To see this effect, let’s examine individual clusters that have a large increase in MCC when named by an agent instead of the “flat” labeling across all of our experiments:

It is worth noting that the agentic approach seems especially suited for naming clusters where the distinguishing feature is a kind of meta-feature - such as the two above examples where the cluster was correctly defined by the language, not the subject itself.

Final Thoughts on Shortcomings

The text-embedding-LLM label pipeline is incredibly helpful to discover interpretable categories in natural language data, and is especially useful when coupled with downstream analysis and visualization.

However, we have found two key shortcomings of this approach.

Arbitrariness of Embedding Space

Off-the-shelf semantic embeddings restrict discovery to categories that the embedding space already considers to be close. This does not easily allow for specifying attributes that may be more relevant for the downstream analysis.

One potential way to solve this issue is the use of “instruction-tuned” semantic embeddings, which can have natural language task instructions affect the features of the calculated embedding.

Misalignment with Process Mining

If the individual pieces of text come from a larger process (such as our use-case at Rival for reasoning trajectories), embedding them in isolation destroys the information given by their position in the process as a whole.

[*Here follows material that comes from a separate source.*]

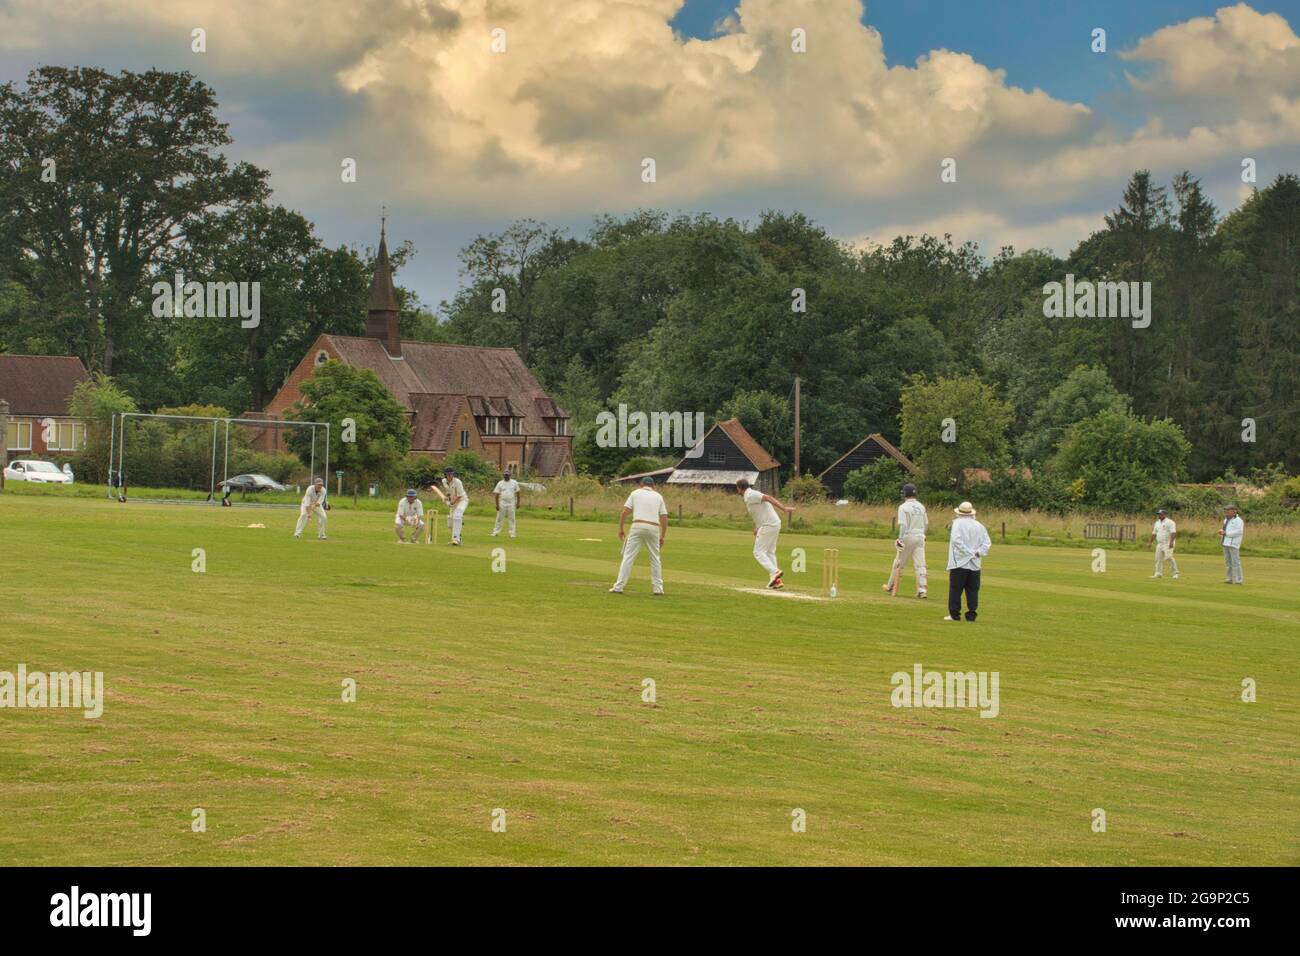 Un escenario tradicional de campo inglés de verano - cricket en un pueblo verde - aquí en Ockley, Surrey, Reino Unido Foto de stock

By using these embeddings as-is to discover discrete states, the final states will have no “awareness” of the fact they belong to a process. There are obviously many scenarios in which this is not a valid assumption: “hello” at the beginning of a conversation is not the same as a “hello” in the middle.

We believe this limits our ability to depend on this workflow for deeper analysis of agents, especially in high-consequence production environments. An approach to mine “process-aware” states from raw text will require a different set of techniques.